Dimensioning & Costing AWS Workloads using AWS Cost & Usage Reports (CUR)
Table of Contents
- Introduction
- Create AWS Cost & Usage Reports (CUR)
- Activate Cost Allocation Tags
- Configure Amazon Athena to Query CUR
- Example — Measure Workload Cost
- CUR Fields of Interest
- Conclusion
- References
- About the Author ✍🏻
Introduction
This article describes an approach for correlating the business outcome of an AWS workload with the cost of its AWS resources.
The end goal of this activity is to arrive at a point where, given the input parameters of a workload (like data ingested), we should be able to predict the cost of AWS resources needed to run this workload.
We begin by running the workload several times, with varying input parameters. Each time, we measure both the input metrics of the workload, like amount of data ingested & the AWS bill it generates.
Eventually, we arrive at a correlation like this:
Workload | Input Metric #1 | Input Metric #2 | Input Metric #3 | Total Cost of All AWS Resources Involved |
---|---|---|---|---|
Workload Run #1 | M1a | M2a | M3a | C1 |
Workload Run #2 | M1b | M2b | M3b | C2 |
Workload Run #3 | M1c | M2c | M3c | C3 |
Different AWS services are used to gather this data:
Data | Service |
---|---|
Input Metrics | Standard CloudWatch service-level metrics or custom business-oriented metrics, like orders processed |
AWS Cost | AWS Cost & Usage Reports |
Create AWS Cost & Usage Reports (CUR)
The AWS CUR contains the most comprehensive set of cost & usage data available.

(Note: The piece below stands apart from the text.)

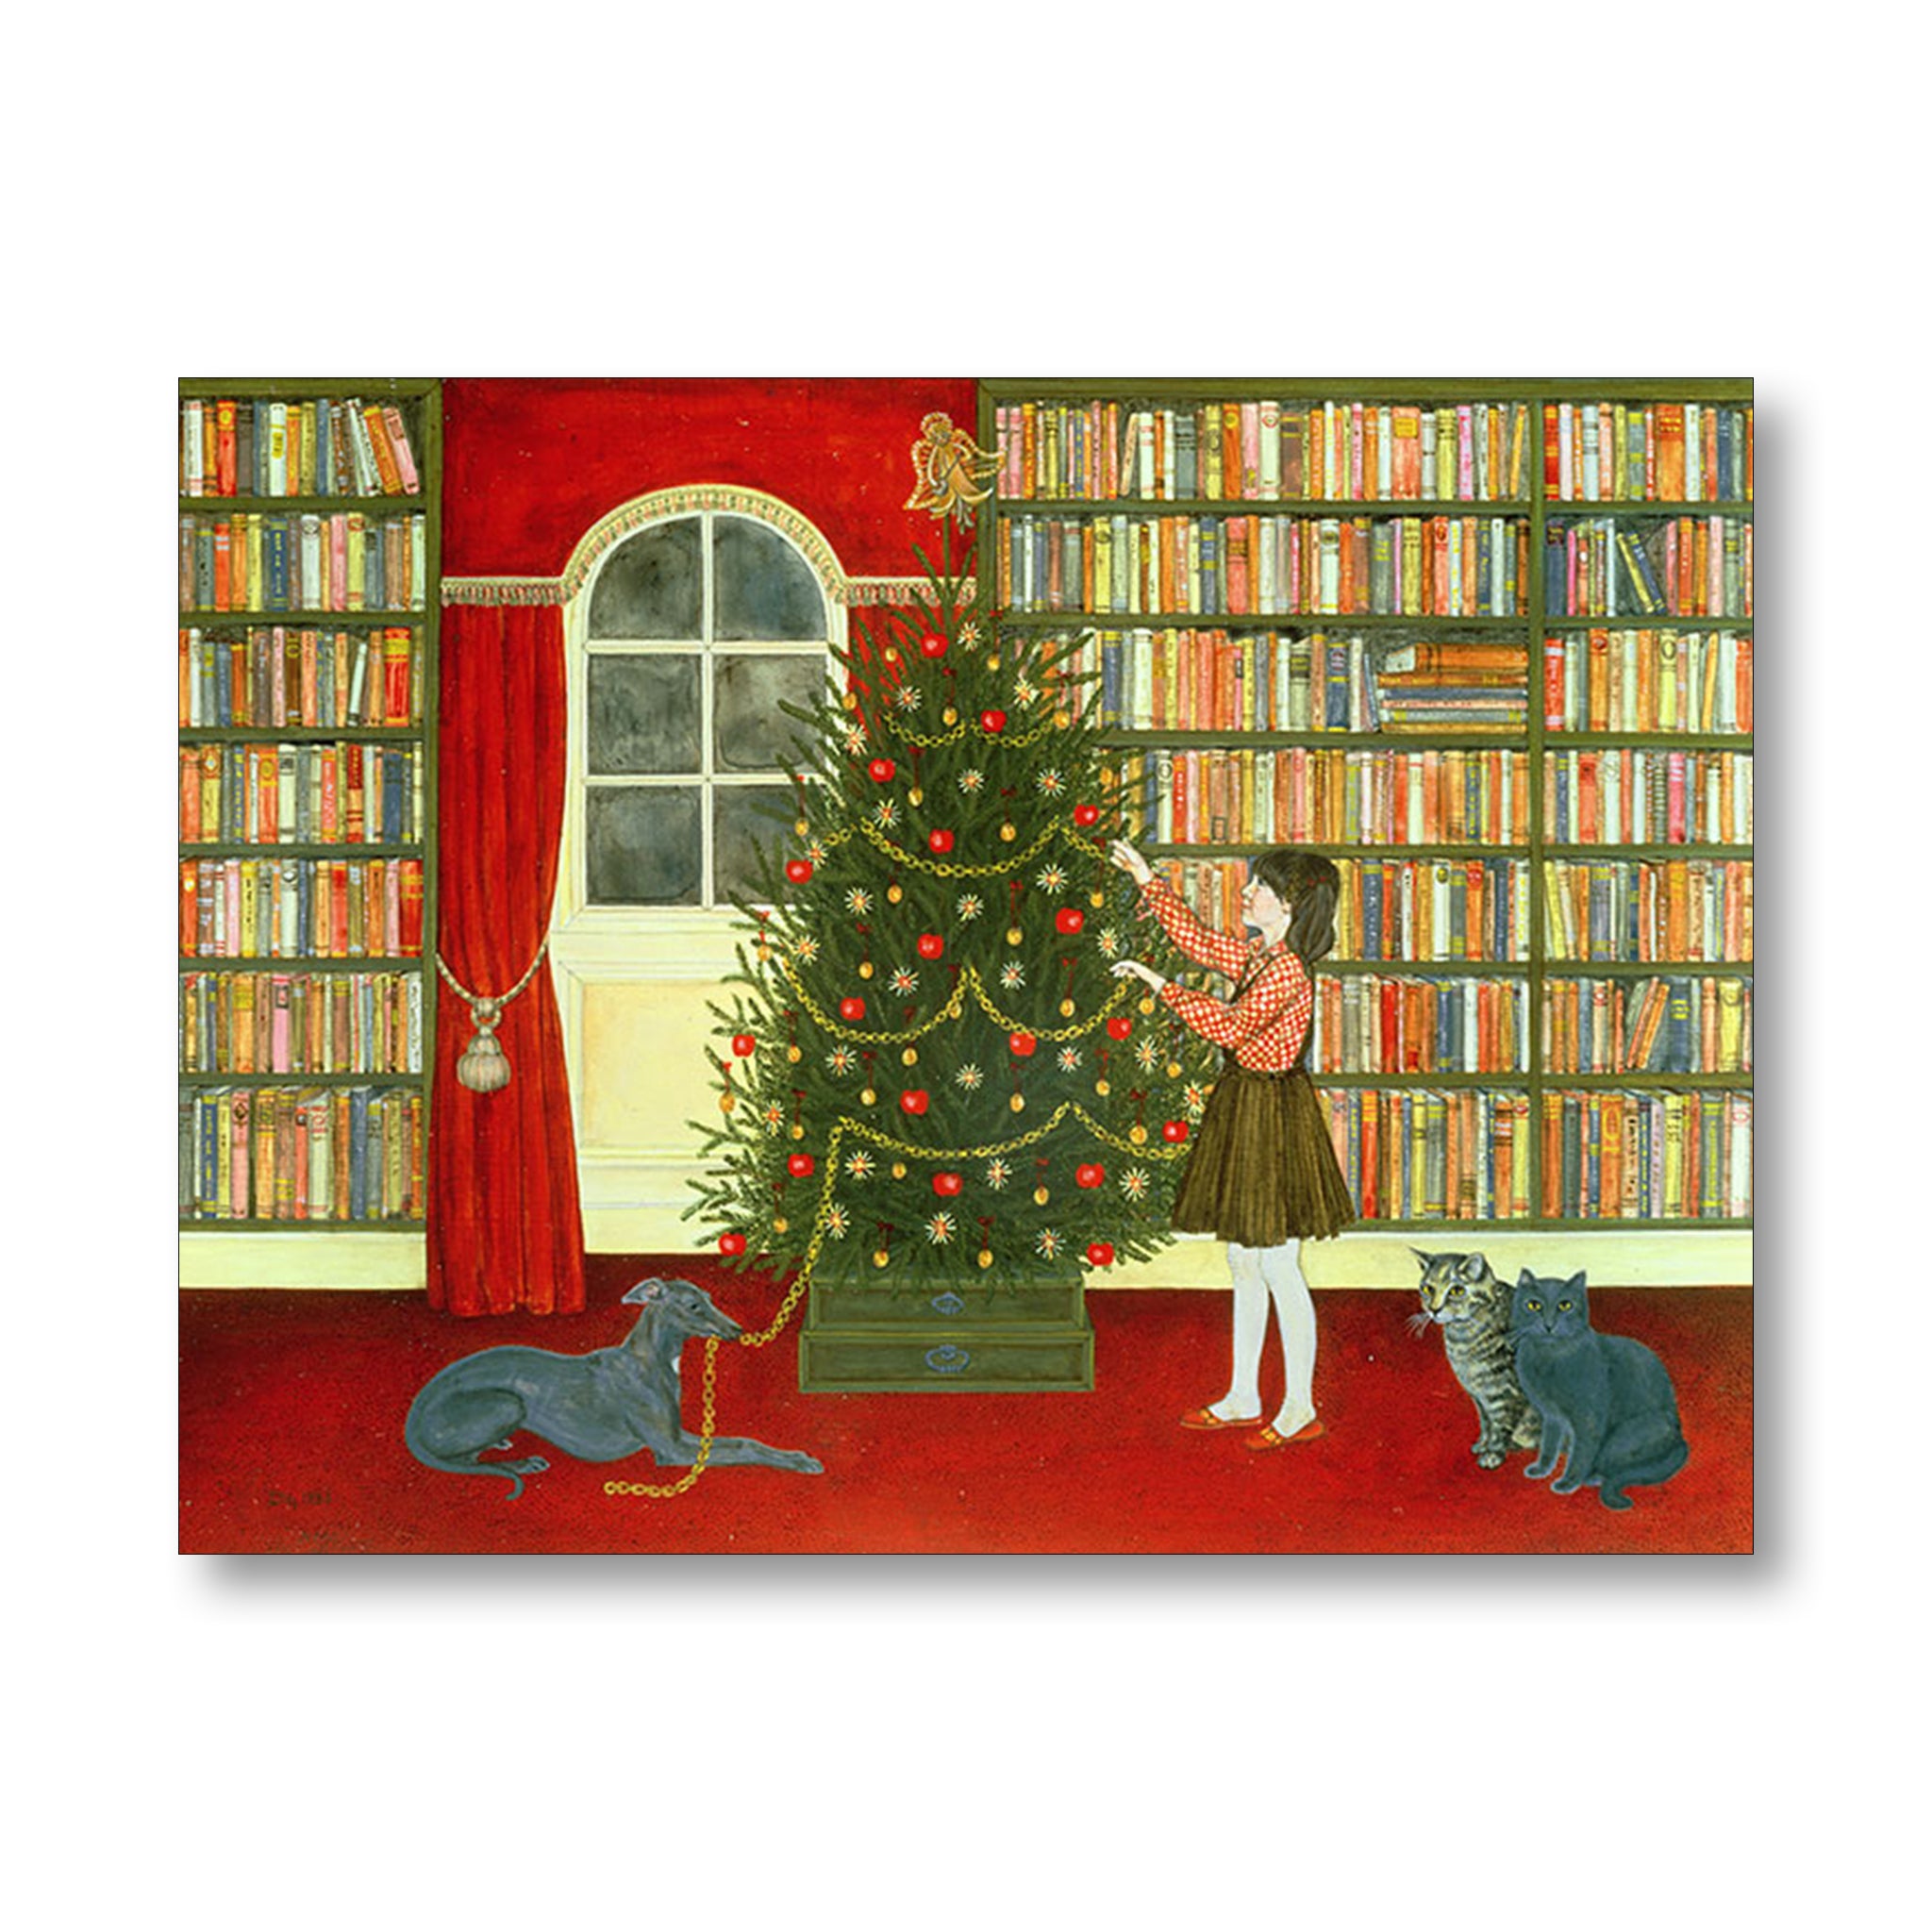 Christmas Card of girl decorating Christmas tree

Reporting can be enabled on an account or organization-level. Reports can be configured to breakdown costs by the hour. Once enabled, the first report might take up to 24 hours to be delivered. Reports are delivered into an S3 bucket you choose. Reports are updated at least once a day & at most thrice a day.
Follow these steps to enable CUR:
Open https://console.aws.amazon.com/billing/home#/reports/create
Provide a name for the report & select “include resource IDs” & auto-refresh:
On the next screen, click Configure to configure the S3 bucket where the reports will be delivered.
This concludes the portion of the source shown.